DATA SHOWN Start Marker

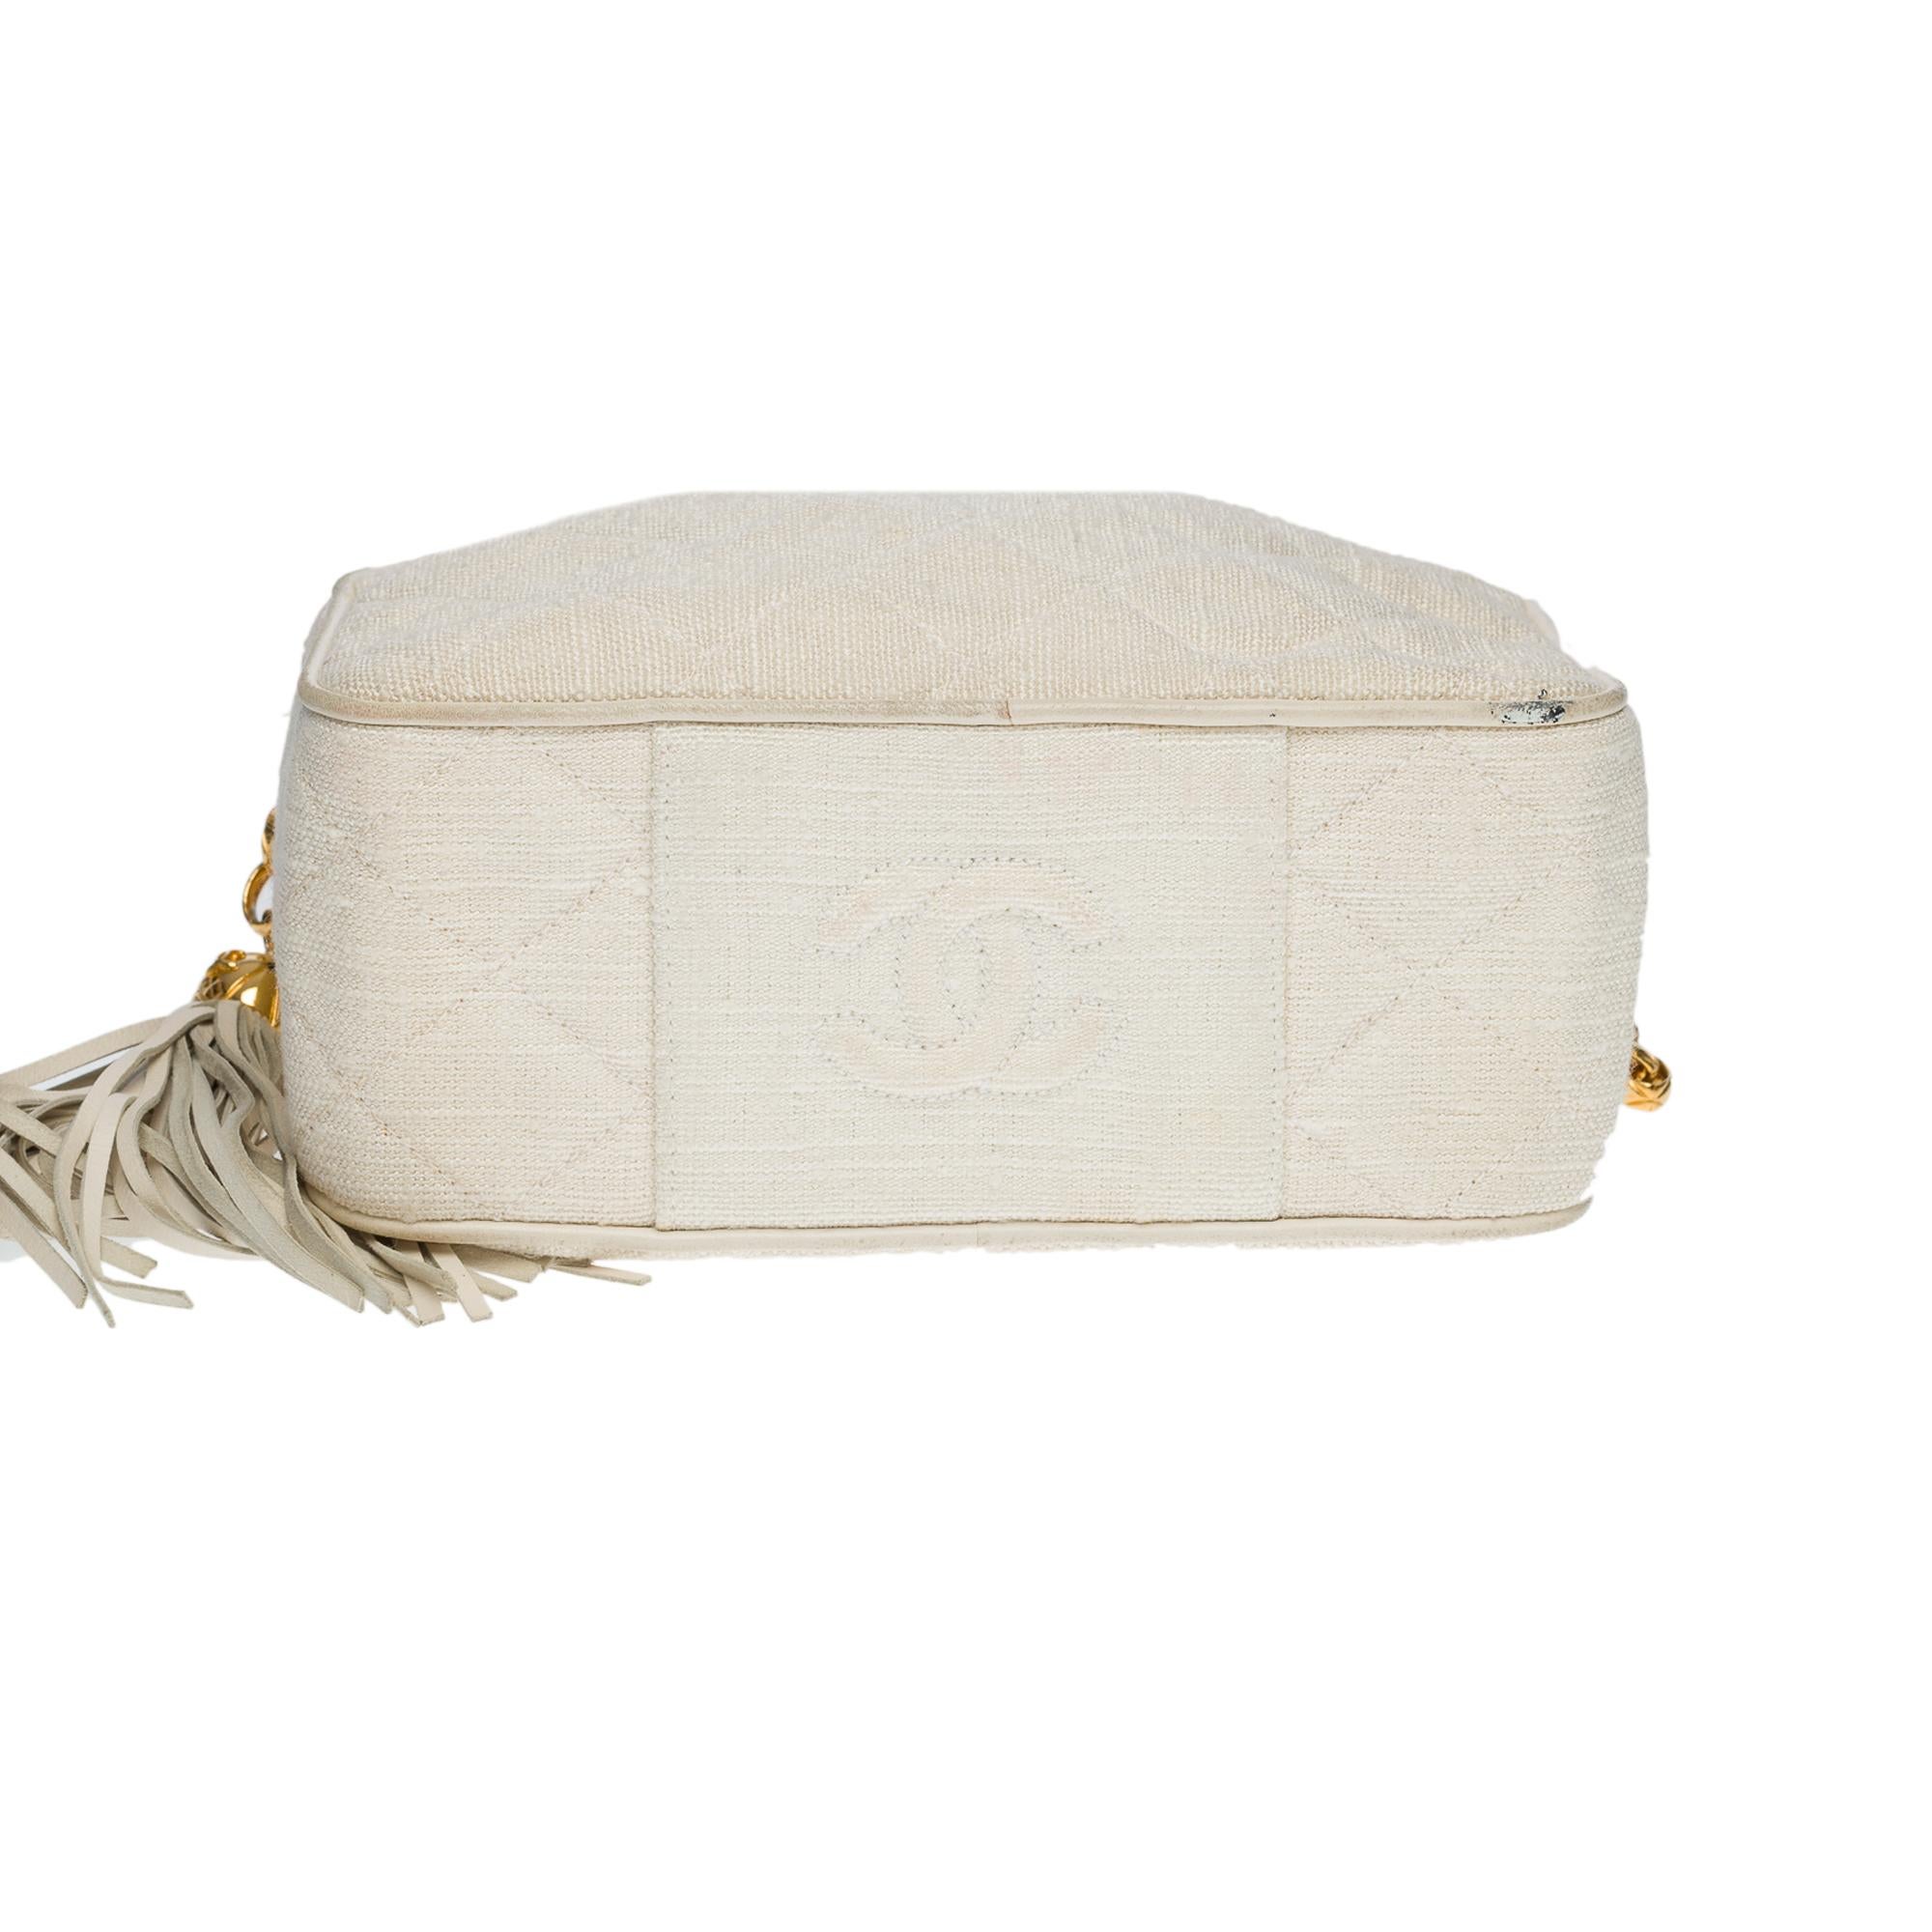 Rare Chanel Mini Camera shoulder bag in ecru quilted linen, GHW 1
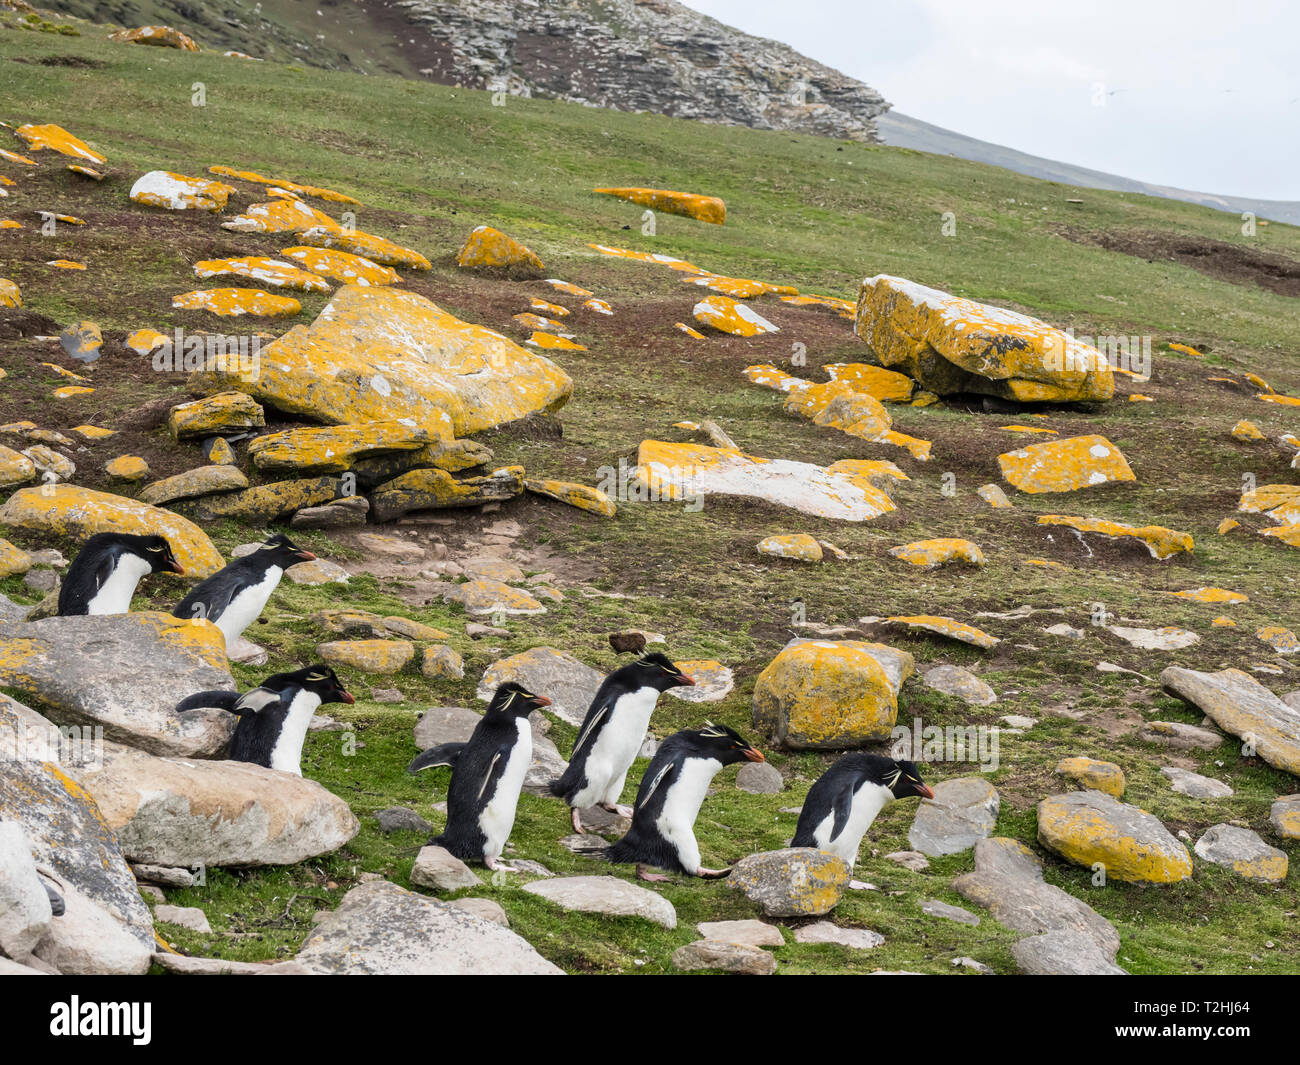 Southern rockhopper penguins, Eudyptes chrysocome, at rookery on Saunders Island, Falkland Islands, South Atlantic Ocean Stock Photo
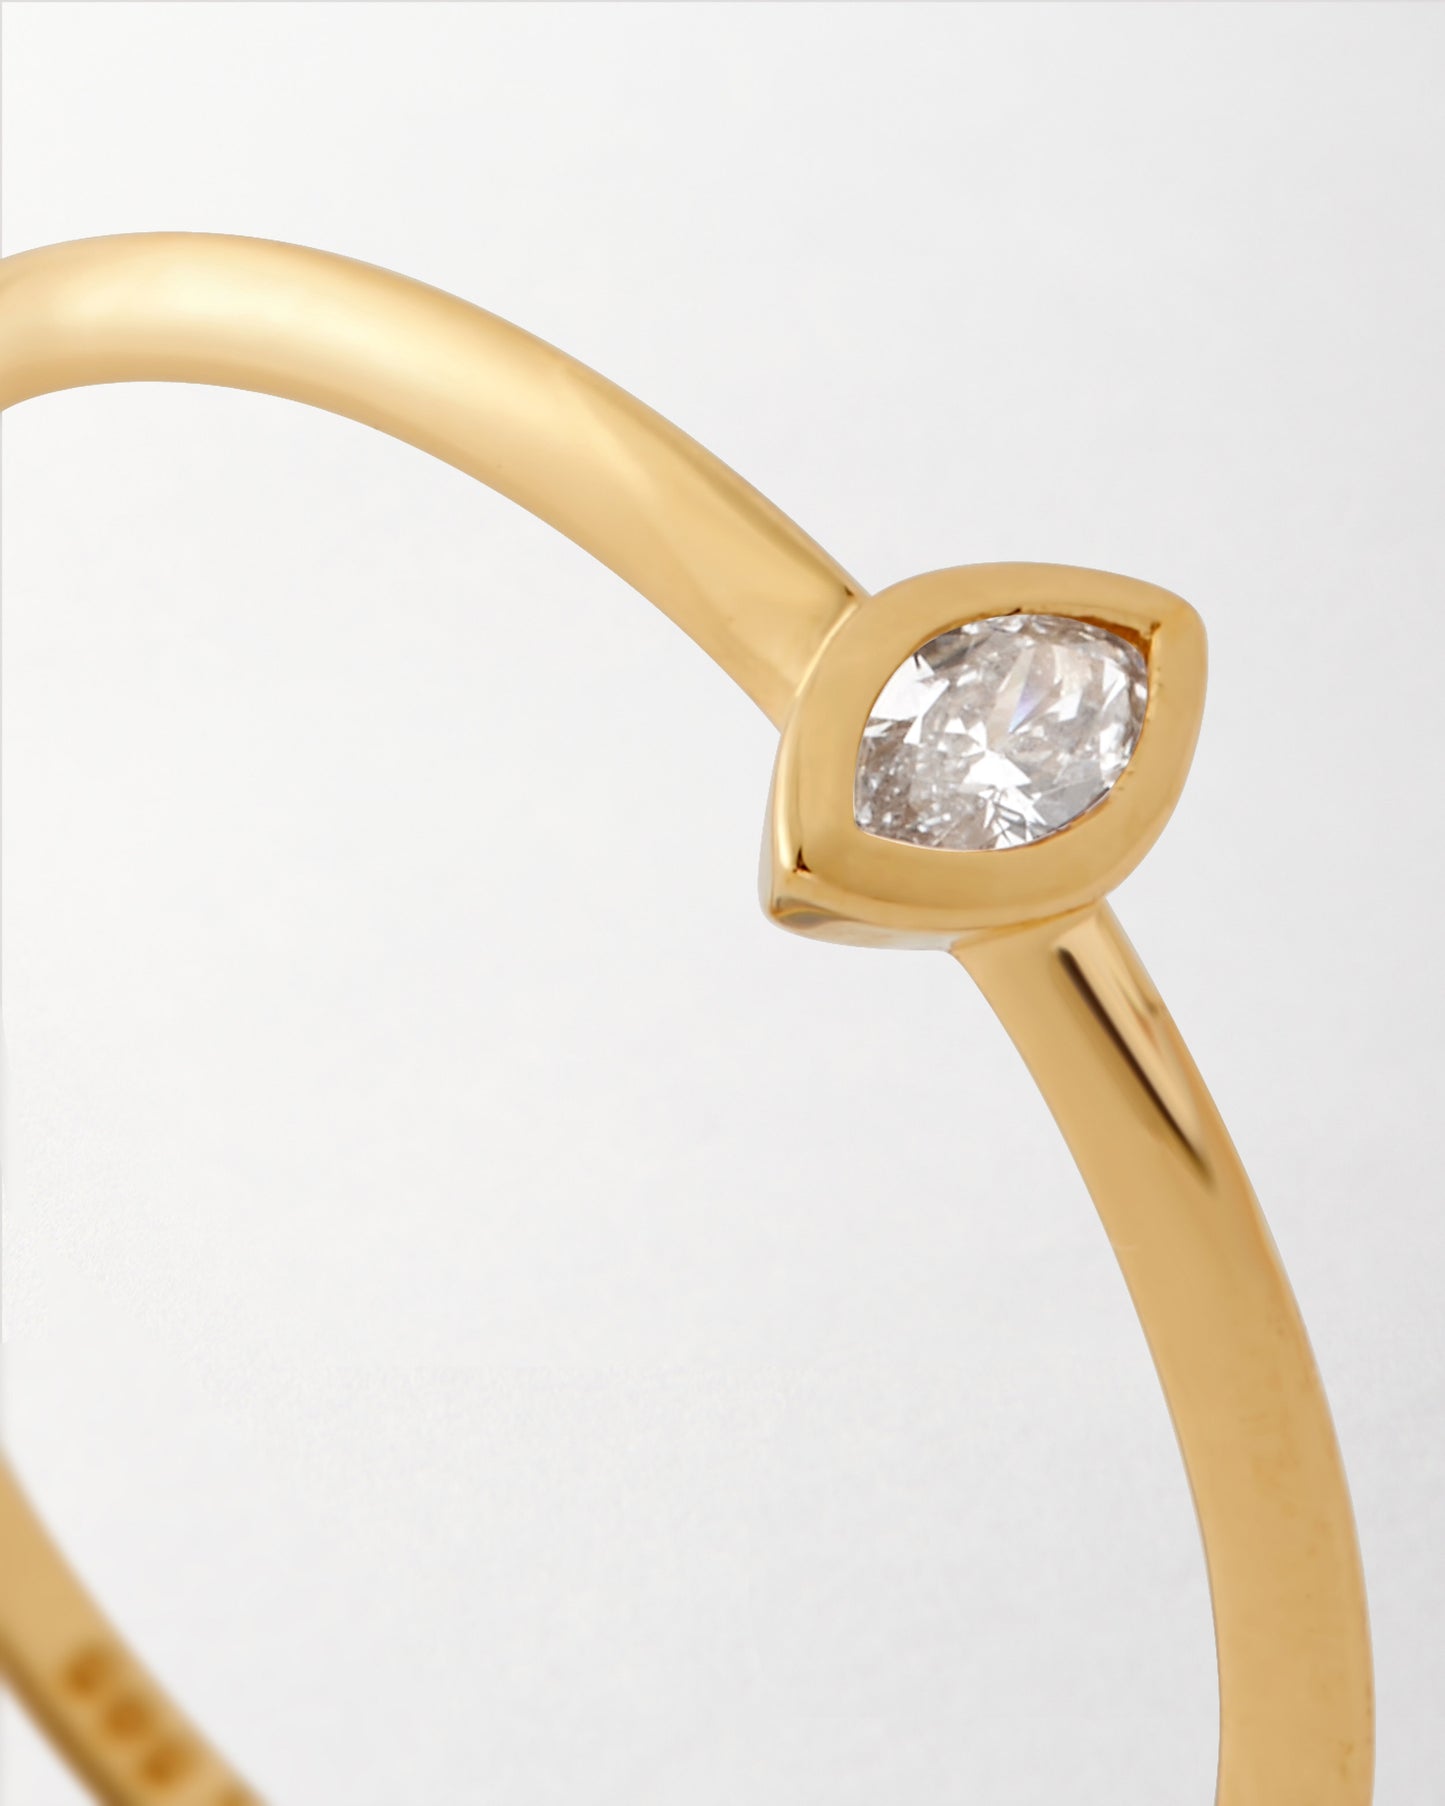 Victoria Marquise Diamond Ring

DATA SHOWN End Marker

**ABOUT THIS TASK**: Please return only the lines from the one holding "Southern rockhopper penguins, Eudyptes" through the end of the data, both ends included; do not copy any pictures.

**OUTPUT**:
 Southern rockhopper penguins, Eudyptes chrysocome, at rookery on Saunders Island, Falkland Islands, South Atlantic Ocean Stock Photo
 Victoria Marquise Diamond Ring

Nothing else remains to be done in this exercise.